Antiprotozoal & Antimalerial Drugs

Malaria is the world's most devastating human parasitic infection, affecting nearly
500 million people and causing approximately 2 million deaths each year.

Antimalarial Drugs
The ancient treatment for malaria was powdered bark of the cinchona tree, which grows
in the Andes mountains. Jesuits introduced it to Europe in the 1600’s and 200 years later
the active ingredient, quinine, was isolated from the bark. The English used this remedy
to create the British Empire and the gin and tonic (quinine was mixed with gin to make it
palatable). Currently, the stereoisomer of quinine, quinidine, is used in the USA for
treating serious malaria. Except for doxycycline and proguanil, the required antimalarial
drugs are all quinoline derivatives, and their generic names include “quine” or “quone”.

These drugs are used in 3 ways:

1) prophylaxis – traveler takes drug before/during/after trip to “prevent malaria”

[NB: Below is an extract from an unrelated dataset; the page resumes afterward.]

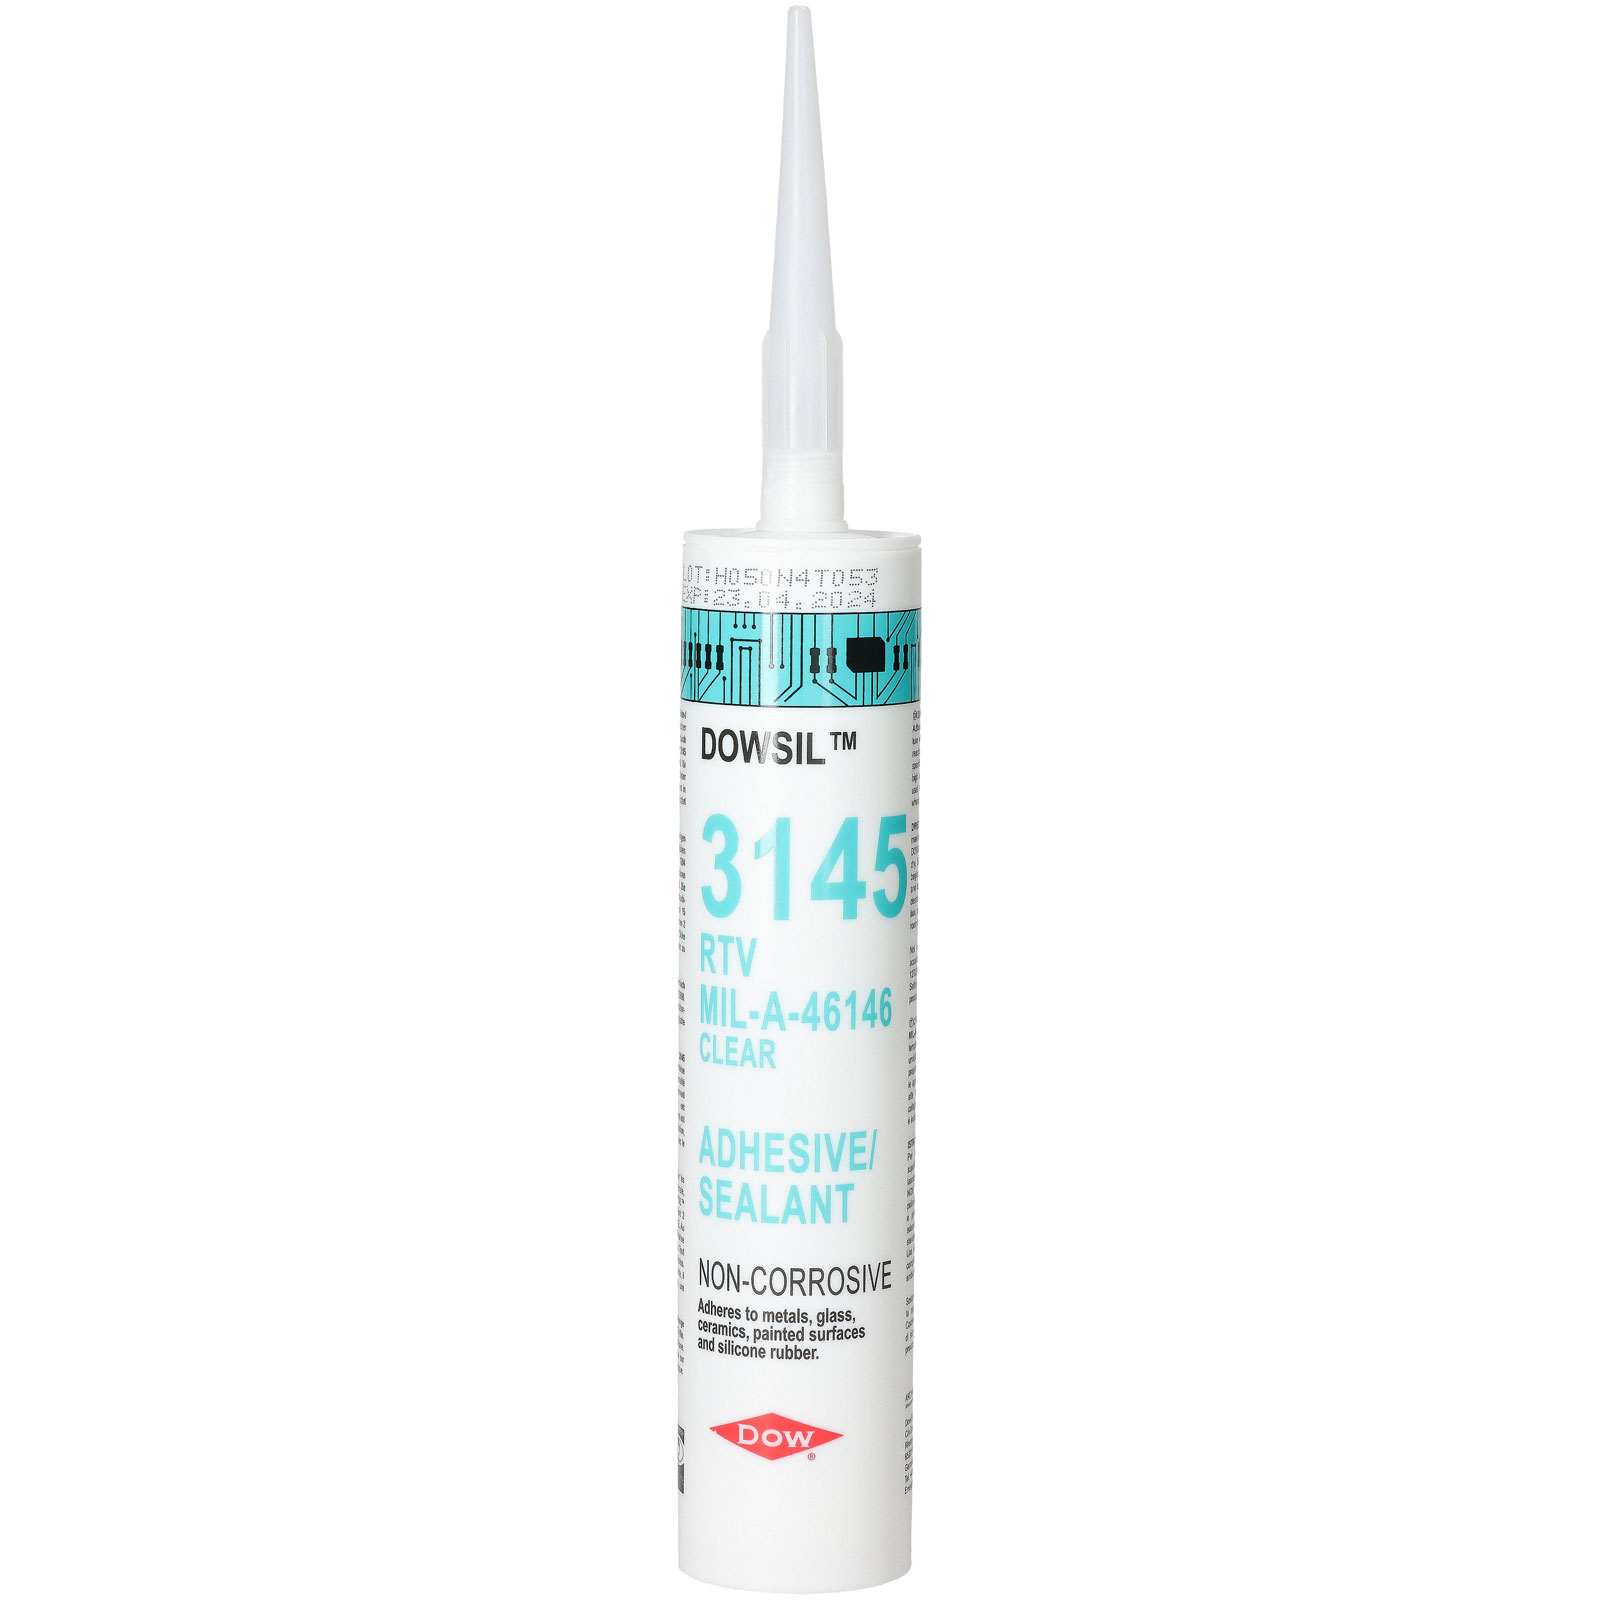 Dow 3145 Adhesive Sealant
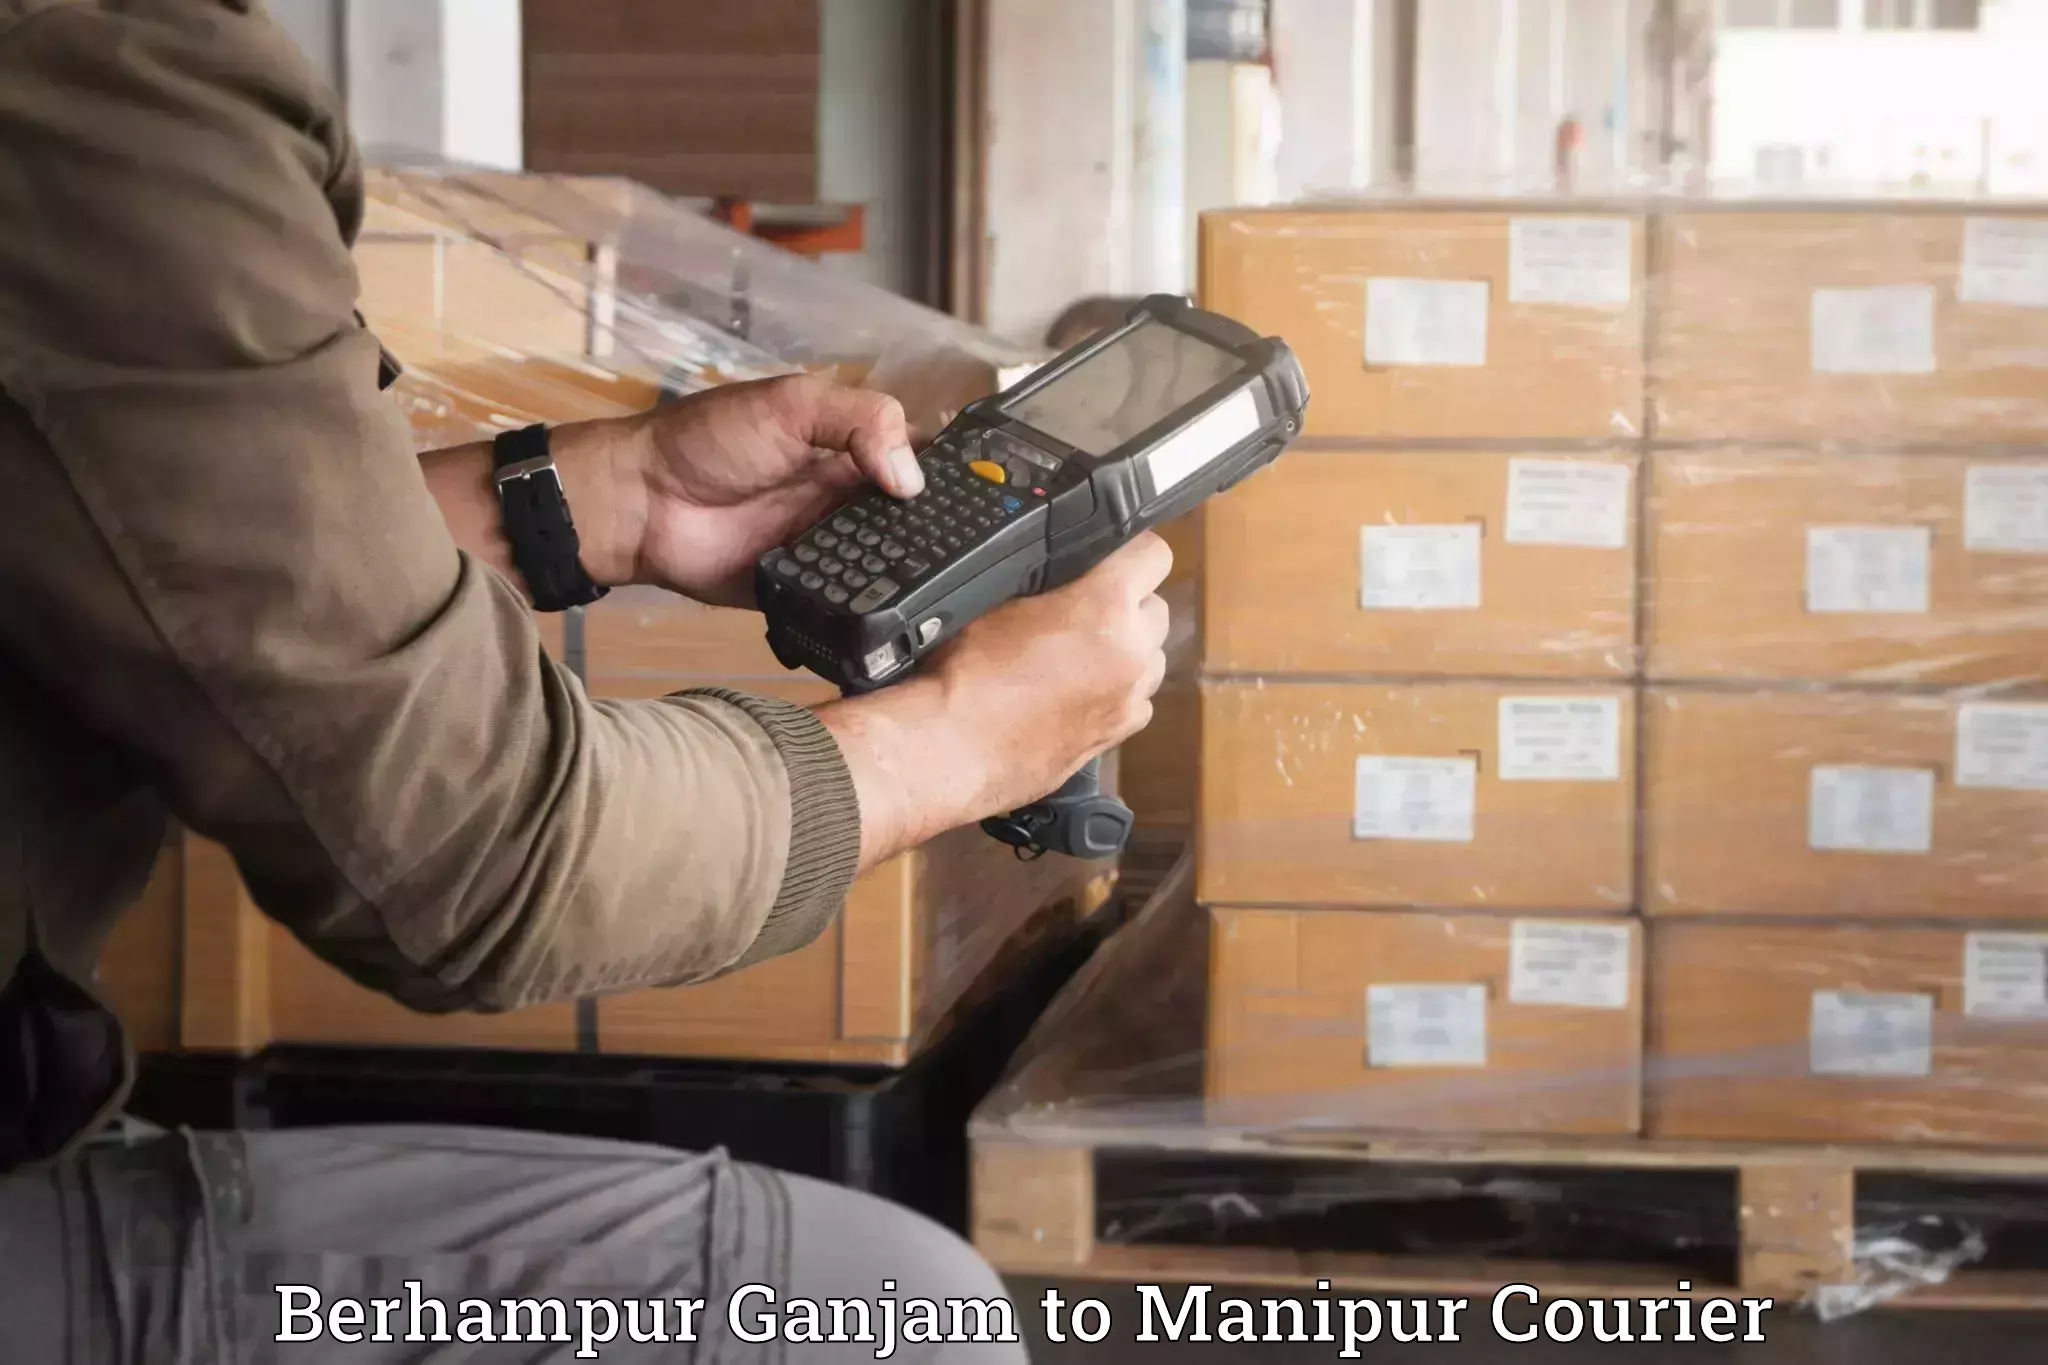 Furniture transport company Berhampur Ganjam to Manipur

(doesn’t prevent infection, but kills Plasmodia when it invades the patient’s
erythrocytes)
2) self-medication – traveler carries drug with them to self-medicate if malaria
symptoms occur. (If already using one drug for prophylaxis, use a different
drug for emergency self-medication.)
3) physician treatment of malaria

To prescribe effective antimalarial drugs, you need to know which Plasmodia

species the traveler will be or has been exposed to, as well as the drug-resistance of
that Plasmodia. www.cdc.gov/travel is an excellent source of information for
both physicians and patient travelers. The CDC provides current information
about Plasmodia distribution and resistance and it also provides difficult to find
drugs for malaria and other protozoal diseases.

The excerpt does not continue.